Das ist buchstäblich ein Schlüsselerlebnis. Der Vater erkennt: Mein Sohn hat keine Zeit
für mich. Und das – so dämmert es ihm allmählich – ist kein Wunder. Denn umgekehrt
hatte er ja auch oft genug keine Zeit für seinen Sohn. Ihre Lebensgeschichten waren zu
wenig miteinander verbunden.
Das ist ihm allerdings erst spät klar geworden: im Lied gerade gestern. Da hat er seinen
Sohn nämlich angerufen: „Ich würde dich gerne sehen, wenn du nichts dagegen hast.“
Doch der Sohn hat was dagegen: „Ich würde ja gerne, wenn ich nur die Zeit dazu hätte.
Denn schau mal: Mein neuer Job ist der reinste Stress und die Kinder haben die Grippe.“
Und dann kommt der Killersatz: „Es war schön, mal mit dir gesprochen zu haben.“
Da ist nichts mehr zu sagen. Da ist nichts mehr zu machen. Und so bleibt für den Vater nur
eine bittere Erkenntnis:
------------------------------------------------------------------------------------„Mein Sohn war genau wie ich.“
Ich sehe ihn geradezu vor mir: Betroffen und traurig sitzt er da, starrt auf den
Telefonhörer und fragt sich, was da falsch gelaufen ist.

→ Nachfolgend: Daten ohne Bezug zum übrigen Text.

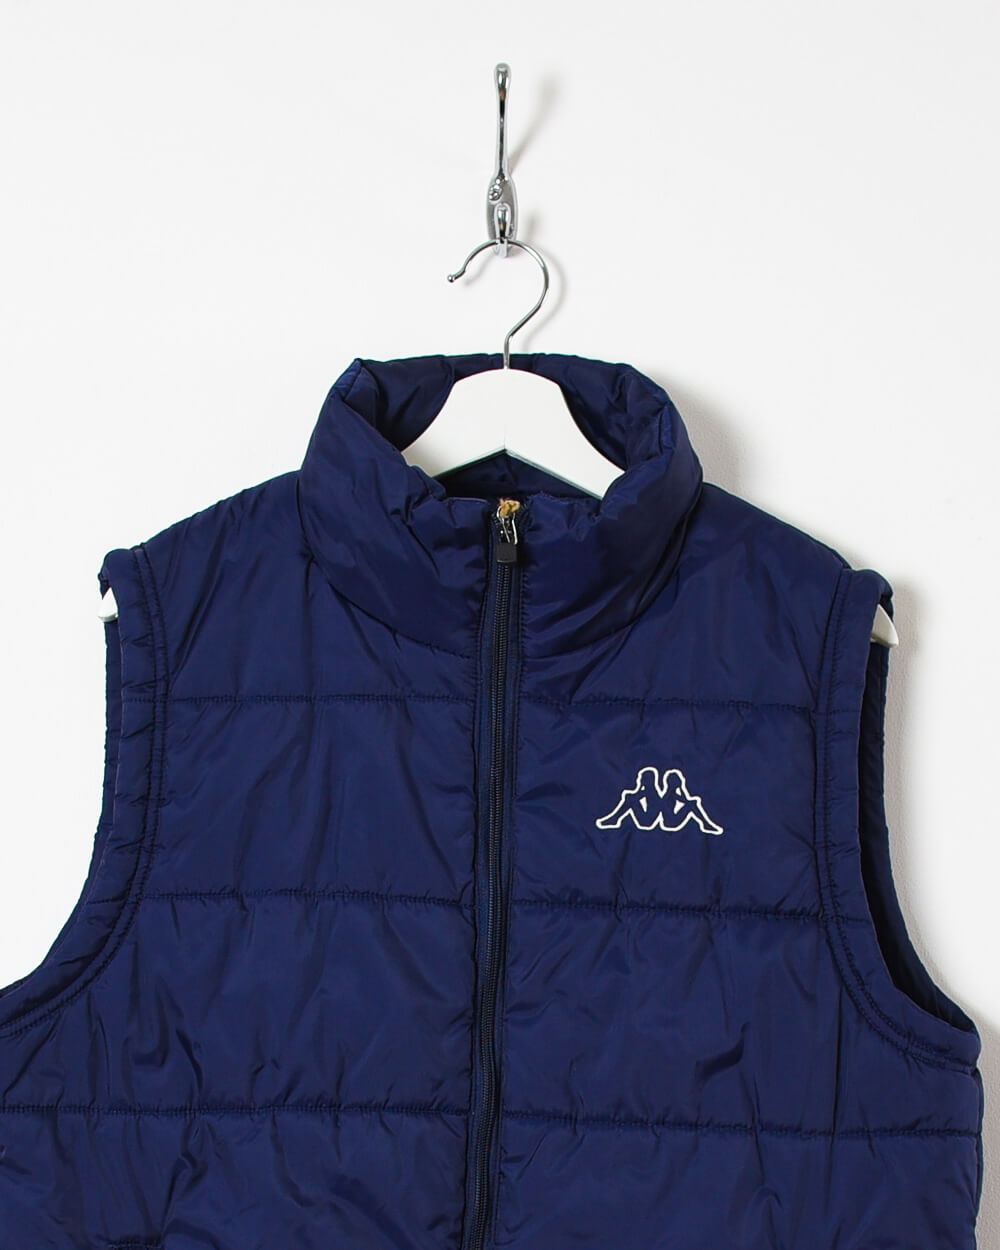 Kappa Down Gilet - Large - Domno Vintage 90s, 80s, 00s Retro and Vintage Clothing

Natürlich scheint die Antwort auf der Hand zu liegen: Hätte er sich halt mehr Mühe geben
müssen! Zeit hat man nicht, Zeit nimmt man sich. Aber so einfach ist es nicht: Es hat
leicht reden, wer selbst nicht beruflich dauernd unterwegs ist und eine Familie finanziell
über Wasser halten muss.
Harry Chapins Song fordert den Hörer heraus, eigene Eltern-Kind-Erfahrungen in den
Blick zu nehmen. Wer im Internet auf Youtube die Kommentare zu dem Song durchliest,
dem wird das sehr deutlich: Manche Hörer erleben das Lied als tief traurig – weil sie
selbst ganz ähnliche Erfahrungen gemacht haben. Nie hatte der Vater Zeit, nie war er da!
Andere trauern selbst als Väter verpassten Chancen hinterher. Ein Teil hört sich das ganz
entspannt an und denkt: Ja, so ist das eben – aber nicht bei mir! Bei einem anderen Teil
wieder kocht sofort die Wut auf das Versagen der eigenen Eltern hoch.
Harry Chapin selbst hat mal bei einem Konzert gesagt: „Ganz ehrlich – dieses Lied
erschreckt mich zu Tode.“ Vermutlich hat er in dem Augenblick an seine eigenen
Erziehungsfehler gedacht. Und wahrscheinlich hätte auch er gerne mehr Zeit für seine
eigene Familie gehabt.
„Die Väter essen die Trauben, und den Söhnen werden die Zähne stumpf“. So sagt es ein
altes Sprichwort aus der Bibel. Ob Eltern da sind oder nicht, was sie tun und was sie
lassen – es wirkt sich auf jeden Fall im Leben ihrer Kinder aus.
Die Äpfel fallen eben nicht weit vom Stamm, auch wenn mancher Apfel anschließend alles
daran setzt, so weit wie möglich über die Wiese wegzurollen.
Ich selbst bin jedenfalls zufrieden damit, meine Wurzeln ganz in der Nähe des Stammes
zu schlagen. So genieße ich es auch, die Orte meiner Kindheit aufzusuchen. Und ich kann
mich ganz entspannt zurücklehnen und weiter die Musik meiner Eltern hören.